The government has made amendments to the legislation governing collective labor force reduction plans (EREs) in order to speed them up and guarantee more "legal security" in the process.
According to a decree approved Friday by the Cabinet and published over the weekend in the BOE official gazette, the amendments limit the size of works committees formed to negotiate EREs and stipulate that in the case of companies with different centers of work there should be only one negotiating committee for the whole firm.
The labor reform introduced by the conservative Popular Party government of Prime Minister Mariano Rajoy made it easier and cheaper to sack workers and sparked a national strike. The overhaul of the legislation governing the labor market allows companies to slim down their workforce by alleging economic reasons such as a fall in sales or for technological and operative motives.
Workers dismissed under an ERE are entitled to 20 days' wages for every year worked up to a maximum of one year's salary. In the case of unfair dismissal, severance pay was reduced to 33 days' wages for every year of service up to a maximum of two years' salary, down from 45 days and a maximum of 42 months previously in place.
Companies have taken advantage of the reforms to reduce their workforces, swelling the ranks of the unemployed by about a million in the midst of the country's second recession in four years.
According to the National Statistics Institute's Active Population Survey (EPA), the number of people out of work fell below record levels of over six million in the second quarter of the year, although most of the jobs created were temporary and related to increased hiring to cover the peak tourist season. The jobless rate fell from just over 27 percent to 26.3 percent.
The decree insists that the modifications to the law are "crucial both for companies and workers" to enhance "legal security" in EREs, reduce litigation in their execution and in order to speed up their implementation.
Committees drawn up to negotiate EREs will have a maximum of 13 members. The decree also stipulates that although such committees should be formed before negotiations on an ERE begin, the absence of such a committee should not constitute an impediment to the start of talks between company management and workers.

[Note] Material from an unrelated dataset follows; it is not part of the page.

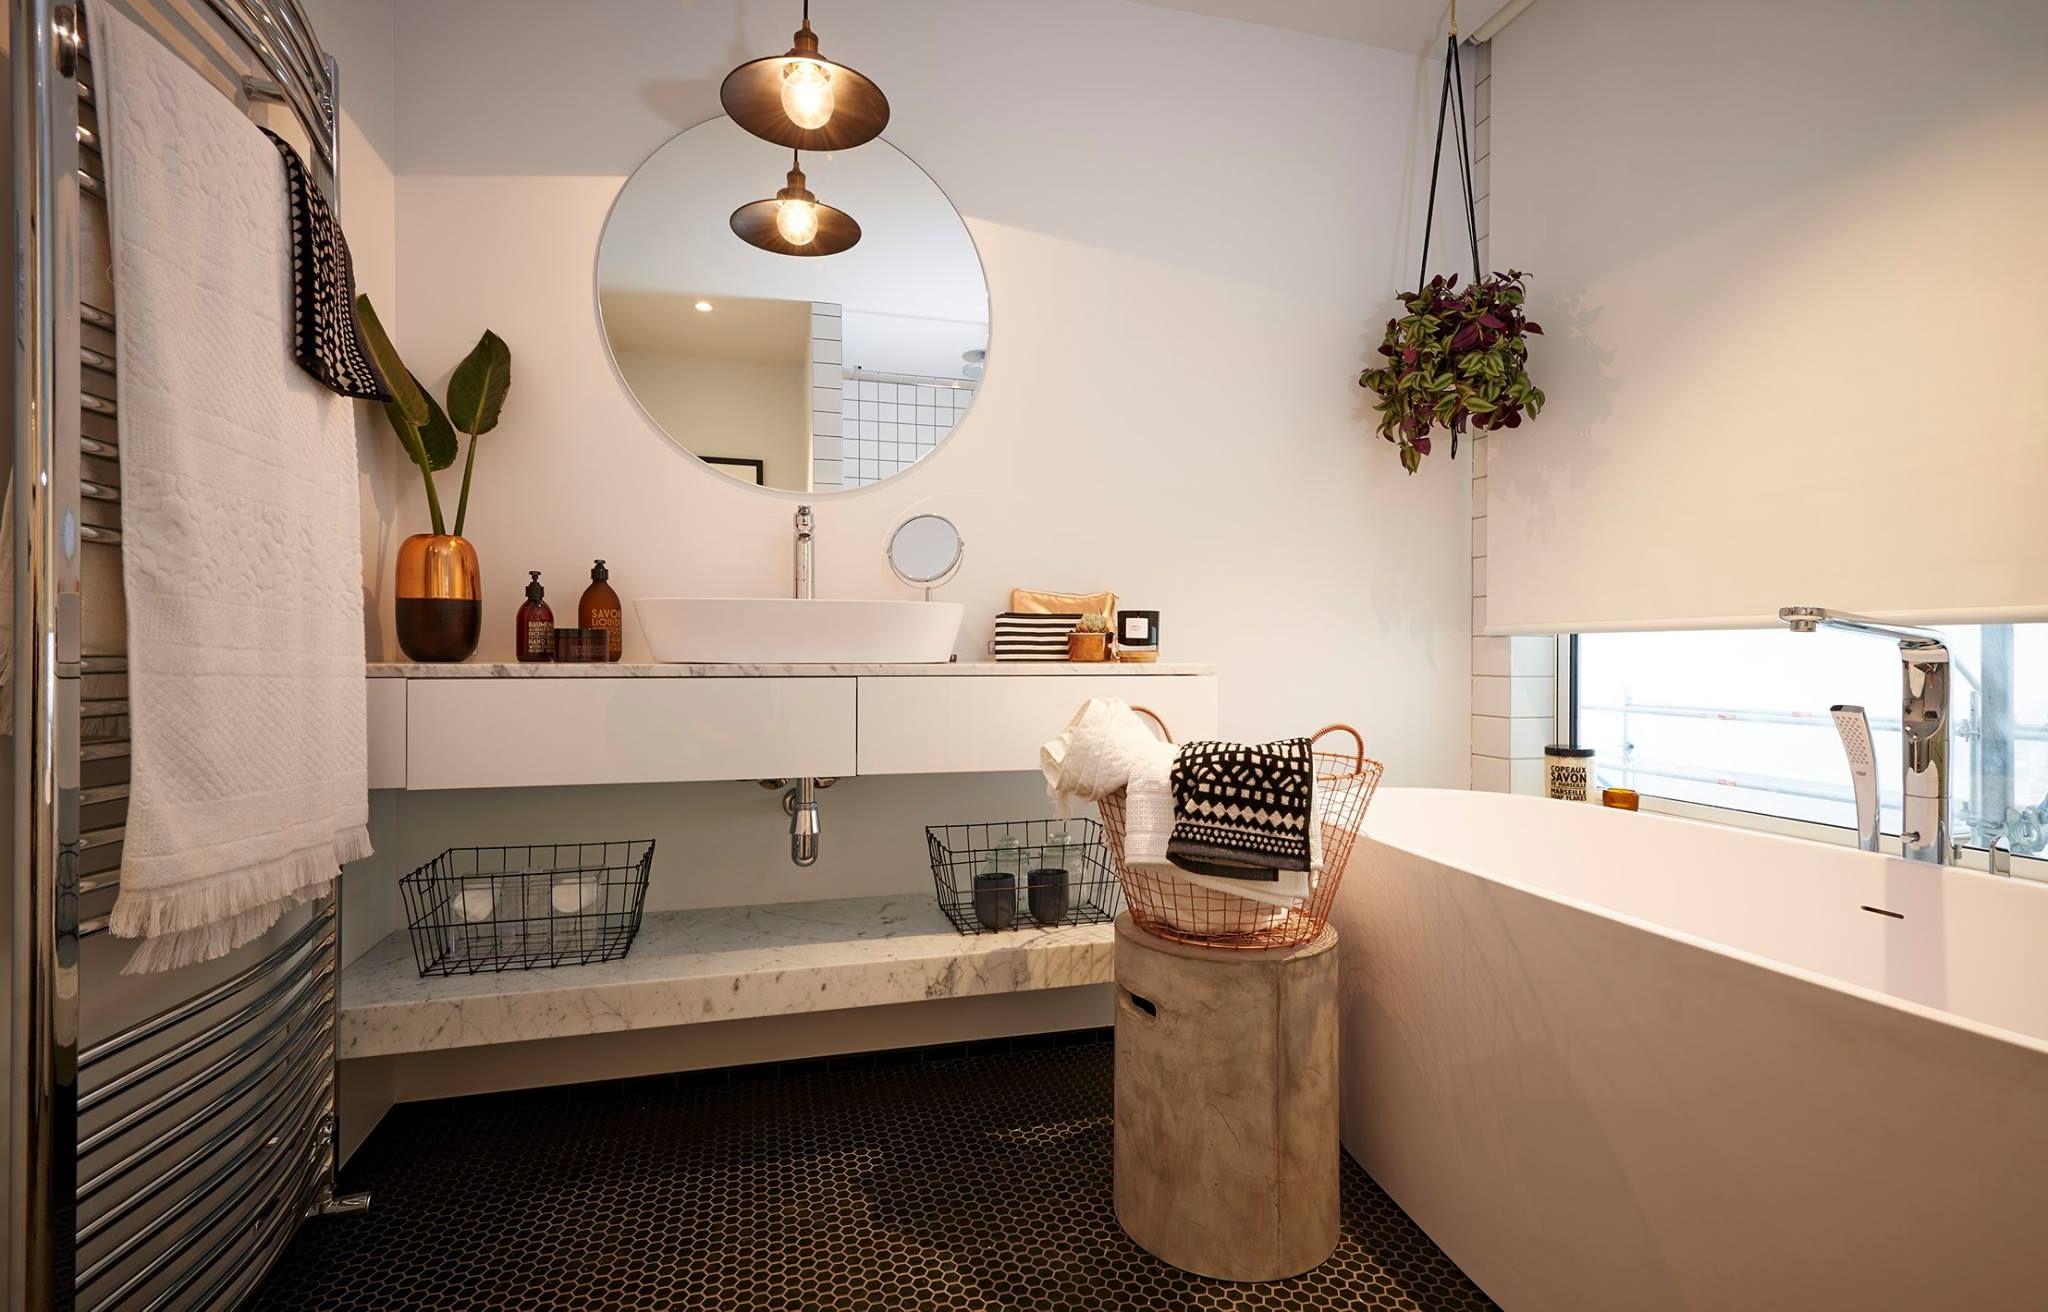 alex & corban's bathroom - the block nz - visit blog.curate.co.nz

Once the company has announced its intention to present an ERE, workers will have seven days to organize a negotiating committee, increasable to 15 days in certain circumstances.
The decree also states that multinational companies will no longer have to present consolidated accounts to justify an ERE in units they have in Spain except in the case that the parent company is headquartered in the country.
The decree also limits the right of individual workers to appeal decisions made in EREs to specific demands that have not been covered by the collective negotiations between works committees and management.